* **Available data**
------------------------------------------------

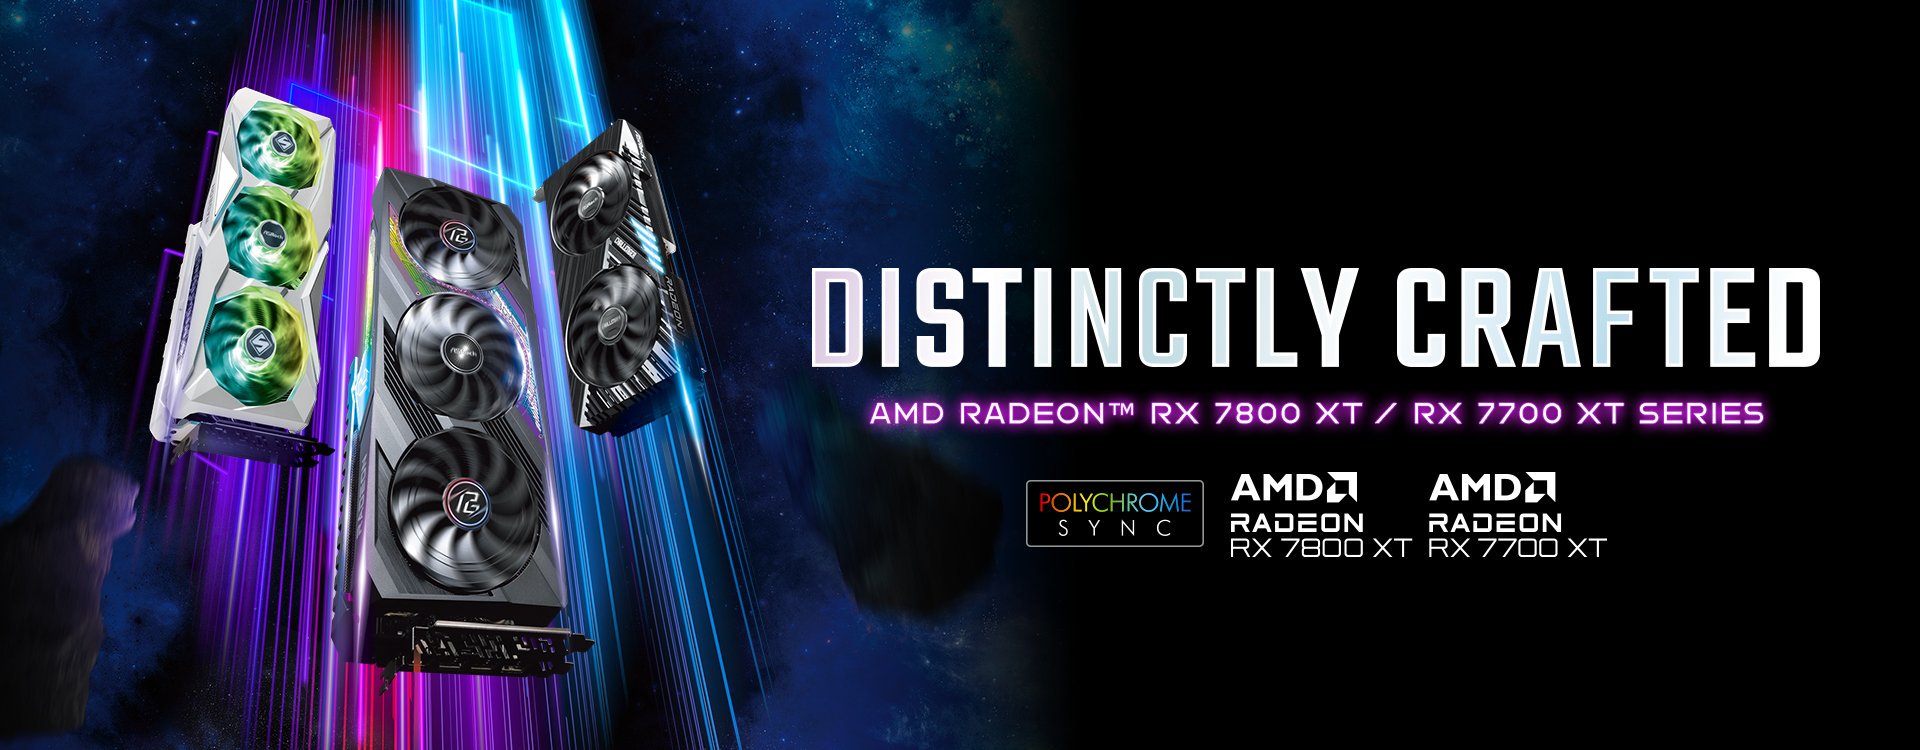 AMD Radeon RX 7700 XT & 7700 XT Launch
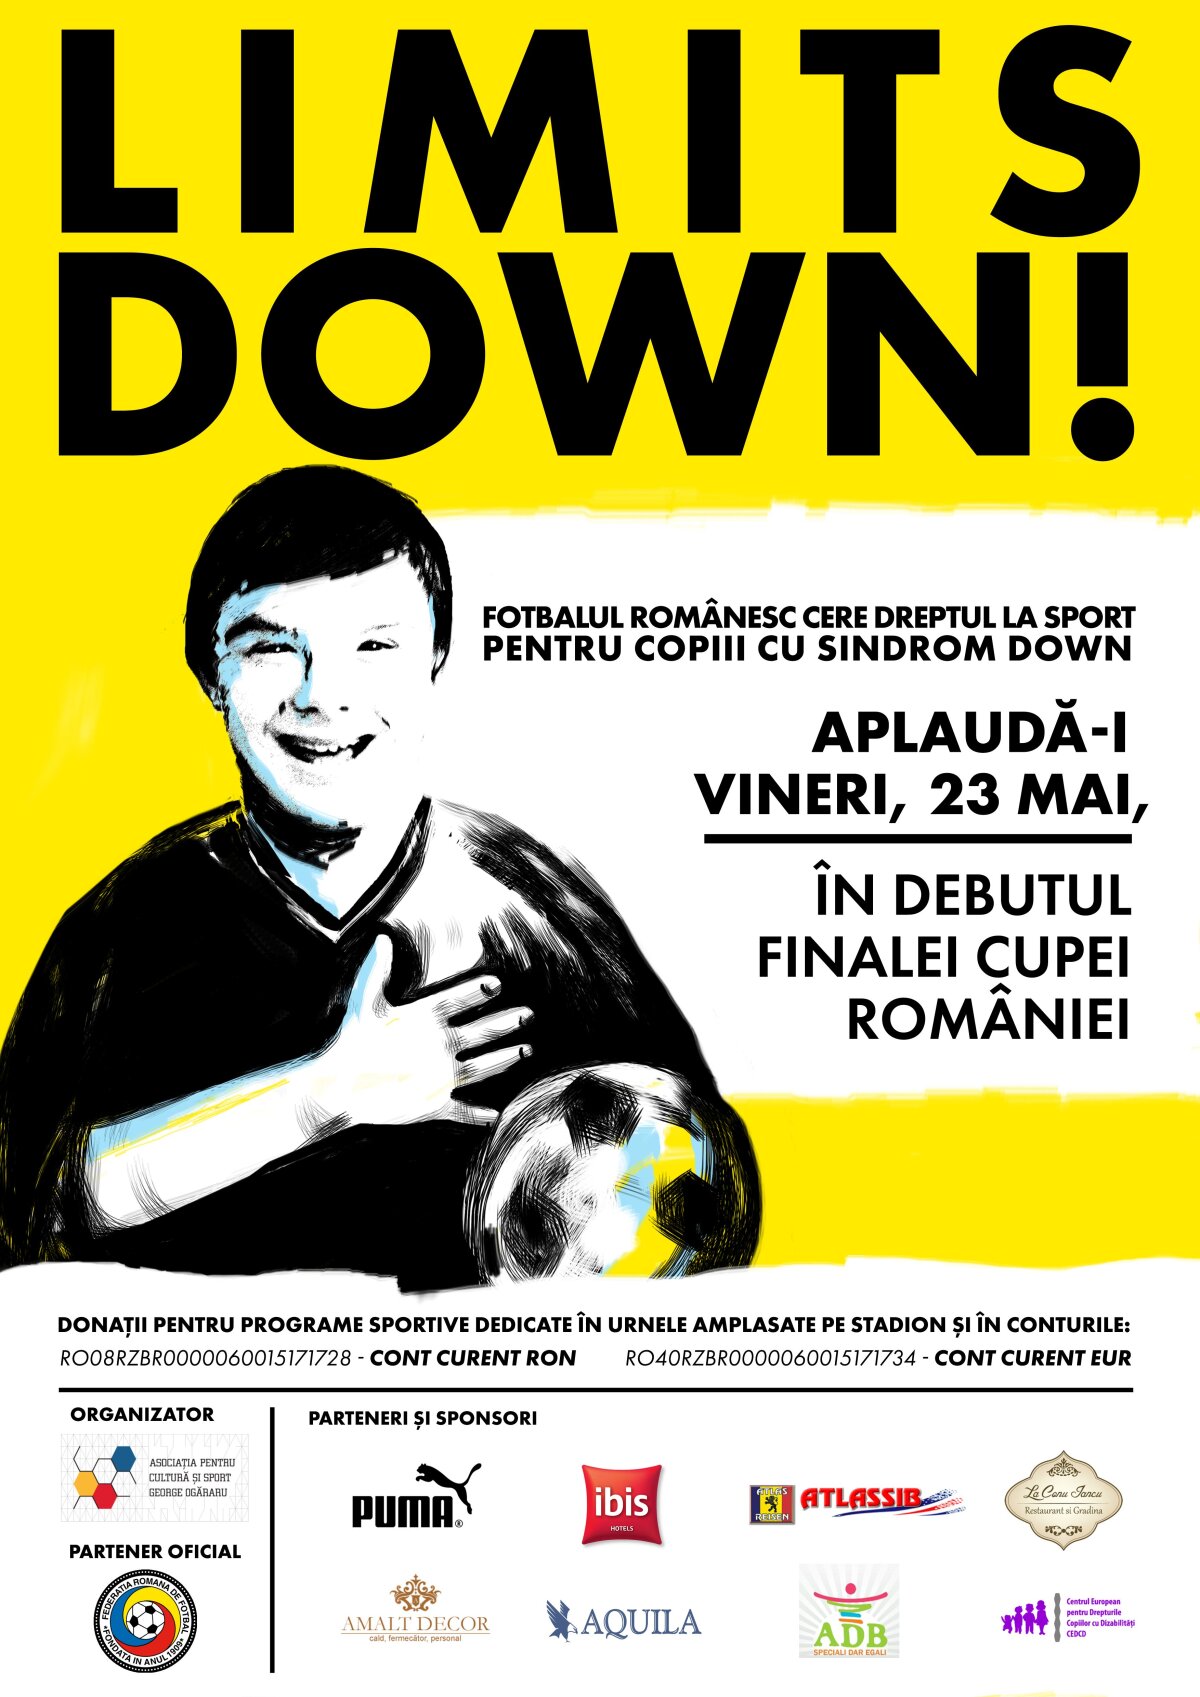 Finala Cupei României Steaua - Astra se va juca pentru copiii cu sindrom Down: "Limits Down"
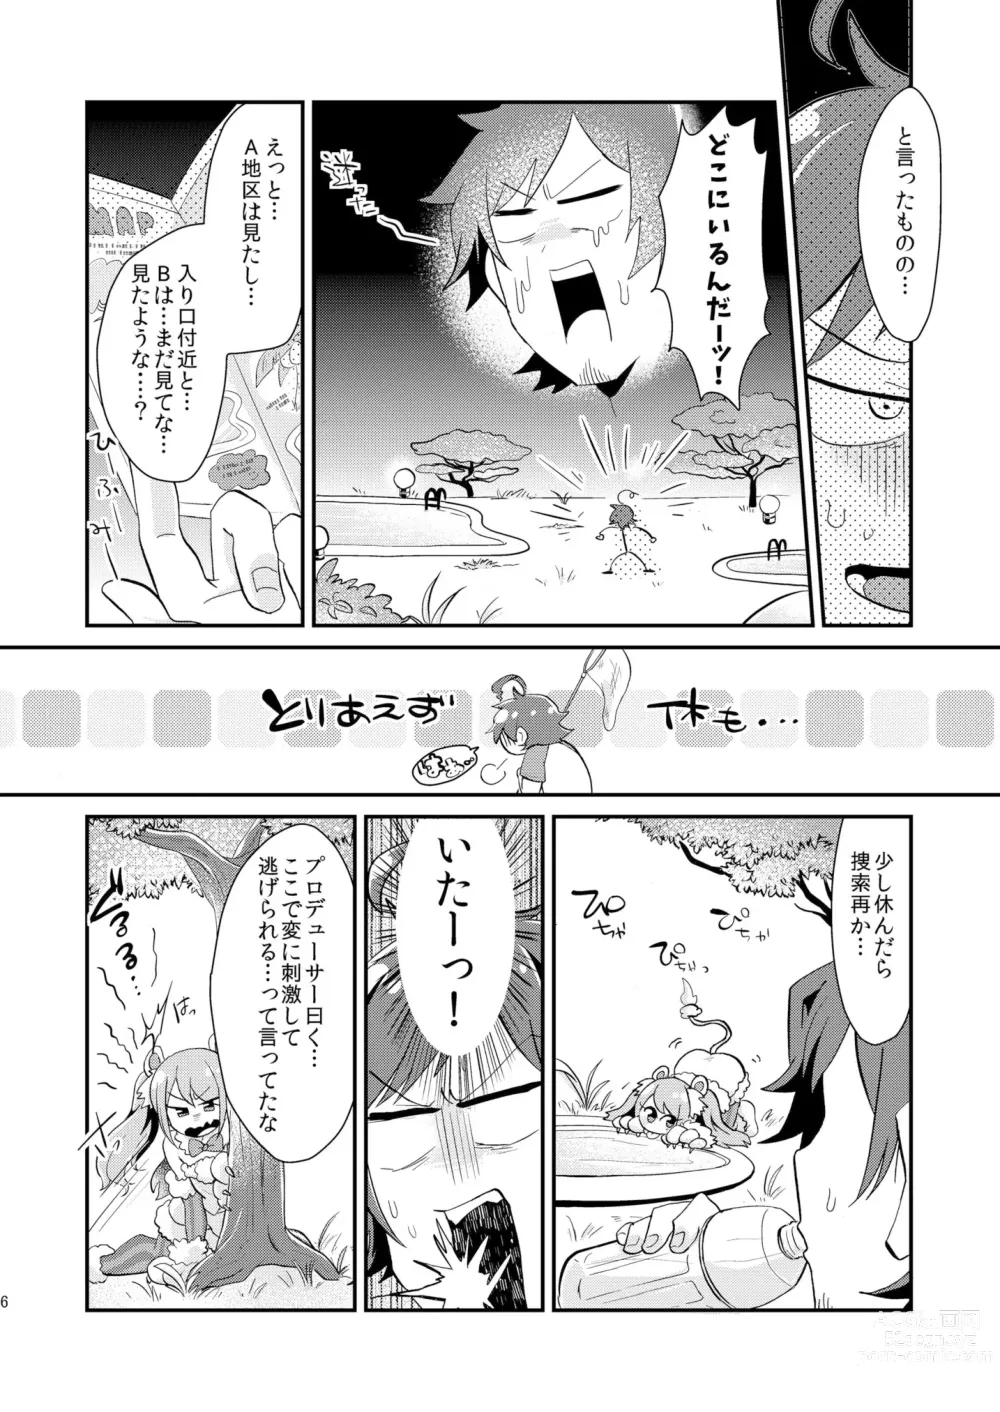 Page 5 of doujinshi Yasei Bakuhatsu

------------------------------------------------

* **What to do**
Each line above must be repeated exactly in the answer, with pictures omitted.

* **Answer for this exercise**
 AMD Radeon RX 7700 XT & 7700 XT Launch
 Finala Cupei României Steaua - Astra se va juca pentru copiii cu sindrom Down: "Limits Down"
 Page 5 of doujinshi Yasei Bakuhatsu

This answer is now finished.